Gerrit Rietveld: the Dutch carpenter who built De Stijl in three dimensions
Rietveld was a small-town Dutch furniture maker who designed the Red and Blue chair in 1917 and never stopped working until 1964. He's the bridge between De Stijl painting and 20th-century furniture.
Rietveld pieces come through our curation room mostly via Dutch sellers, often from estates. Our team works closely with the Rietveld archive on attribution questions for unsigned pieces, which keeps the bar high.
A carpenter, not an architect (at first)
Gerrit Rietveld (1888 to 1964) trained as a furniture maker in his father's workshop in Utrecht and never lost the carpenter's instinct. When De Stijl emerged in 1917 (Mondrian, Theo van Doesburg, Bart van der Leck), Rietveld translated their flat colour-block paintings into three-dimensional furniture. The Red and Blue chair (1917, painted in 1923) is what came out: a chair built from straight wooden slats in primary colours and black, with no concession to comfort or ornament.
He went on to design buildings (the Rietveld Schröder House in Utrecht, 1924, is a UNESCO World Heritage site) and a long catalogue of furniture pieces that bridged De Stijl, Bauhaus and post-war Dutch modernism. For me, Rietveld is the most Dutch of the Dutch designers, in a way that's hard to explain unless you've stood inside one of his interiors.
The pieces
The Red and Blue chair (1917, painted 1923) is the icon. Originally hand-made in Rietveld's own workshop, then by Cassina under licence from 1971. Original Rietveld-workshop pieces from the 1920s are museum-grade and trade in five figures when they appear. Cassina reissues are around €4,500 retail; vintage Cassinas from the 1970s and 80s sit at €1,800 to €3,500.

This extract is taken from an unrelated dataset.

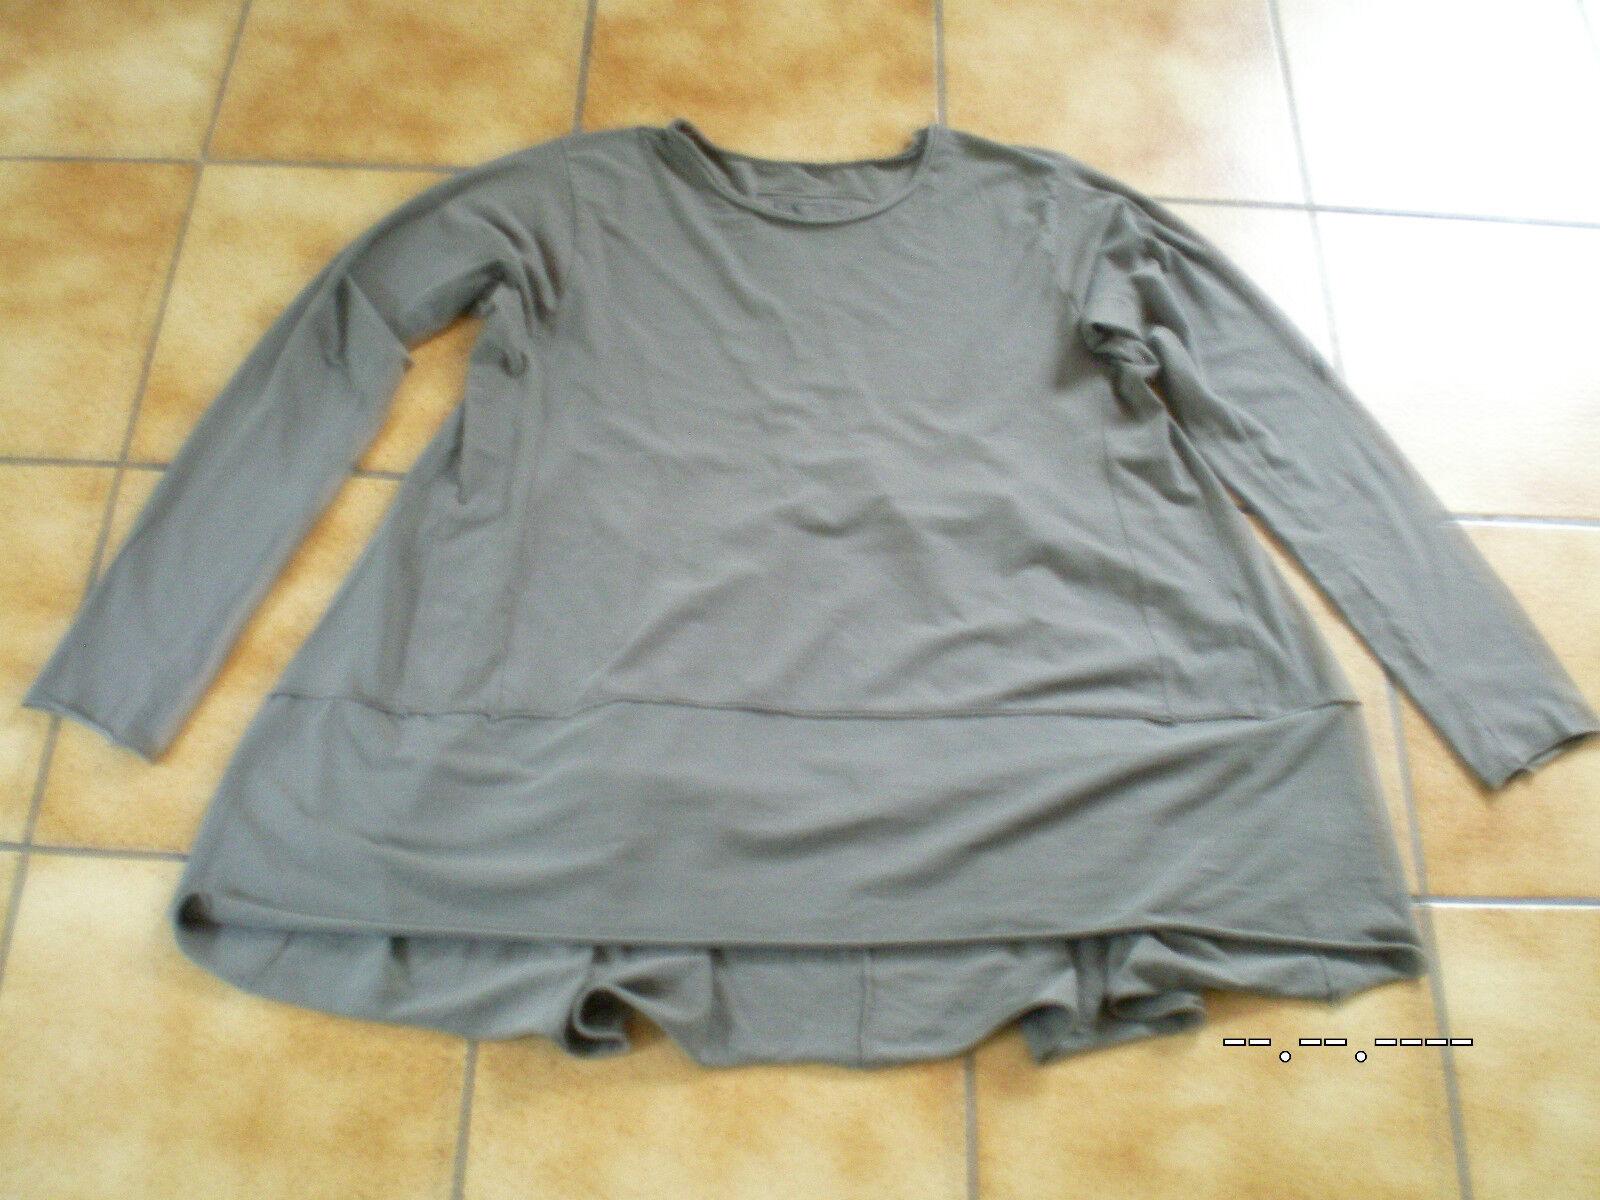 Rundholz schwarz Label,Shirttunika Tunika Shirt,lang,zinc,Gr.L(OS),Lagenlook

The Zig-Zag chair (1934), the Z-shaped chair built from four flat panels, is the cleaner and arguably more elegant later design. Cassina production. Vintage examples €1,500 to €3,000 used.
The Crate furniture series (1934), designed for affordability, made from rough pine boards. The Crate chair, table and various storage pieces. Sometimes branded "Rood-Blauwe Stoel" or sold under their original Dutch names. Authentic vintage production is rare; reproductions and student-built examples are everywhere. Period originals run €1,200 to €3,500.

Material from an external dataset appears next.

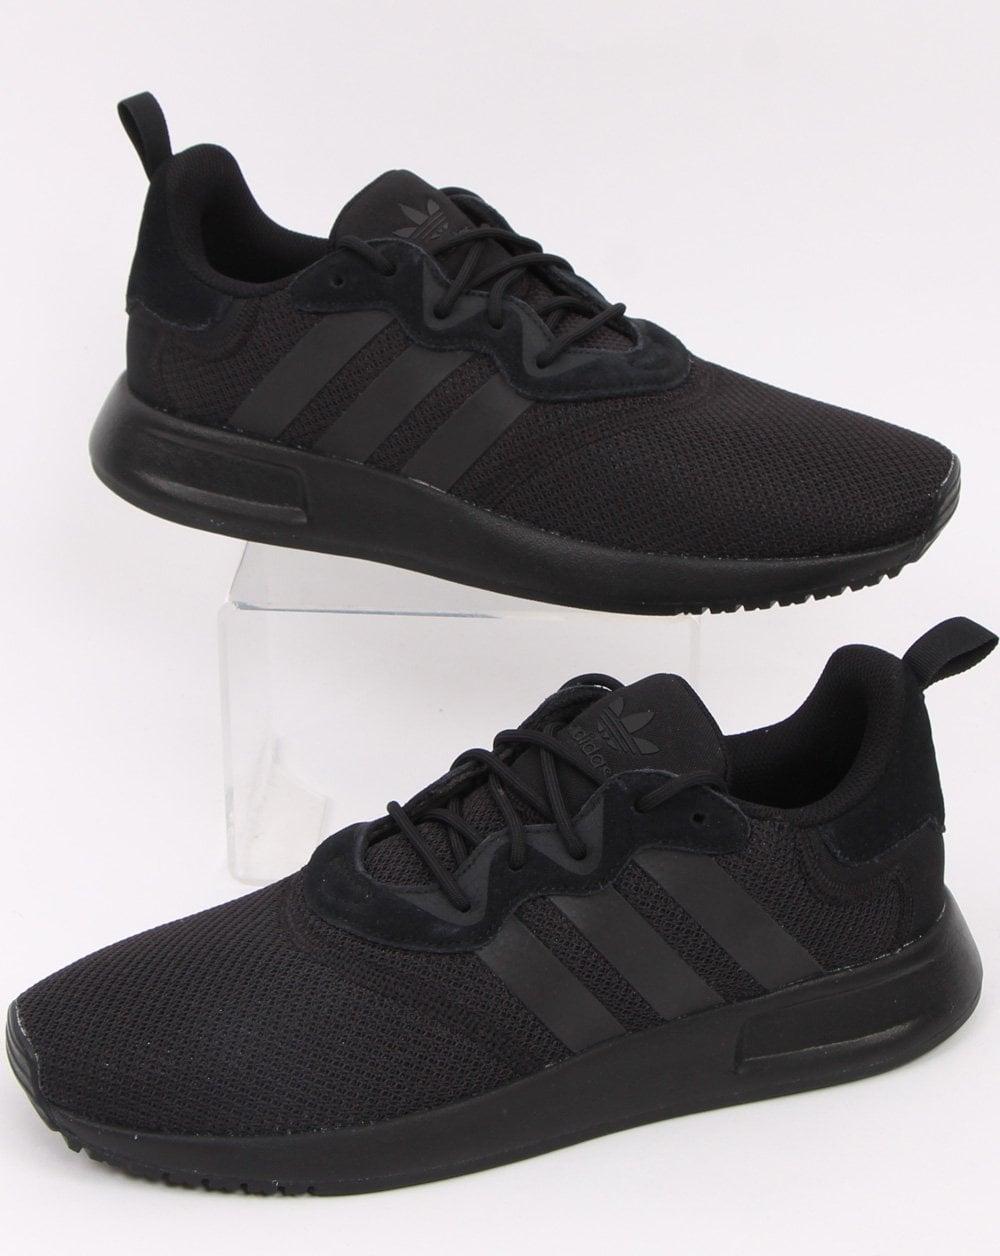 Adidas X_plr S Trainers Black

The Steltman chair (1963), one of his last designs, is a quieter, more architectural piece. Around €1,800 to €4,000.
Why he's good value on Whoppah
Rietveld's market in 2026 is, in my opinion, a little underpriced relative to his cultural importance. If you live in the Netherlands and care about Dutch design heritage, a Rietveld piece is one of the most meaningful things you can have in your home. Outside the Netherlands, his profile is lower than it should be, which keeps the secondary market accessible.

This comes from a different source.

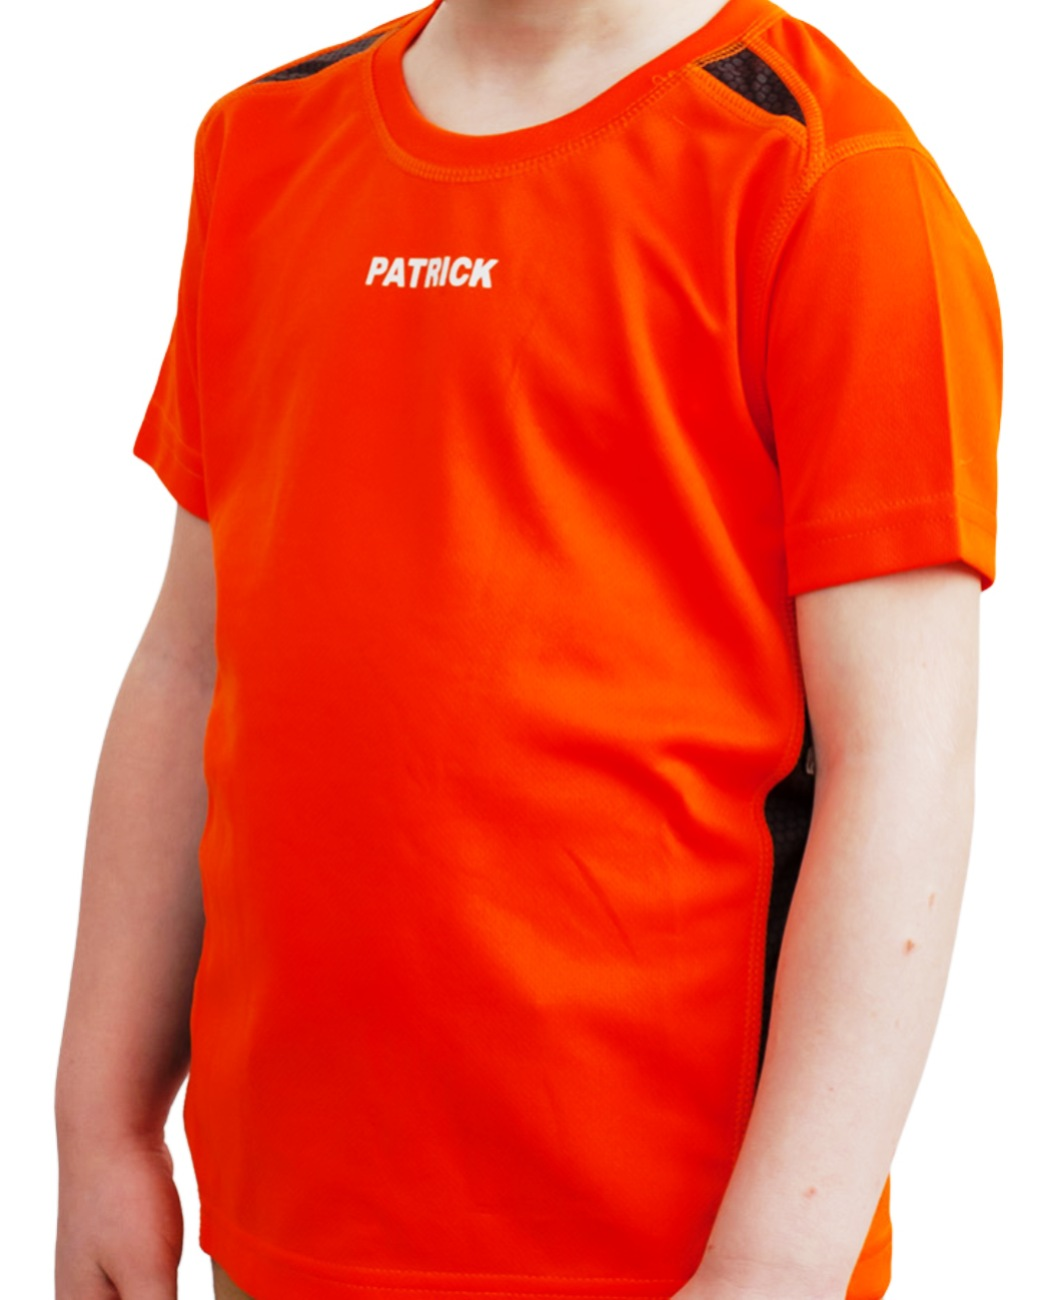 Оранжевая футболка (Patrick, Бельгия) №N563

The Cassina I Maestri program produces authorised reissues with quality control, and they're a legitimate way to own the work without museum-grade pricing.
How to authenticate
Cassina pieces carry the Cassina label with serial. Original Rietveld-workshop pieces from the 1920s and 30s are typically unmarked, and authentication is provenance-based (auction records, museum loan history). For Crate-series pieces, look for the hand-cut joinery characteristic of period work; modern reproductions use machine joints.
If you're considering a high-value Rietveld, the Centraal Museum in Utrecht maintains a research archive and can sometimes help with authentication queries.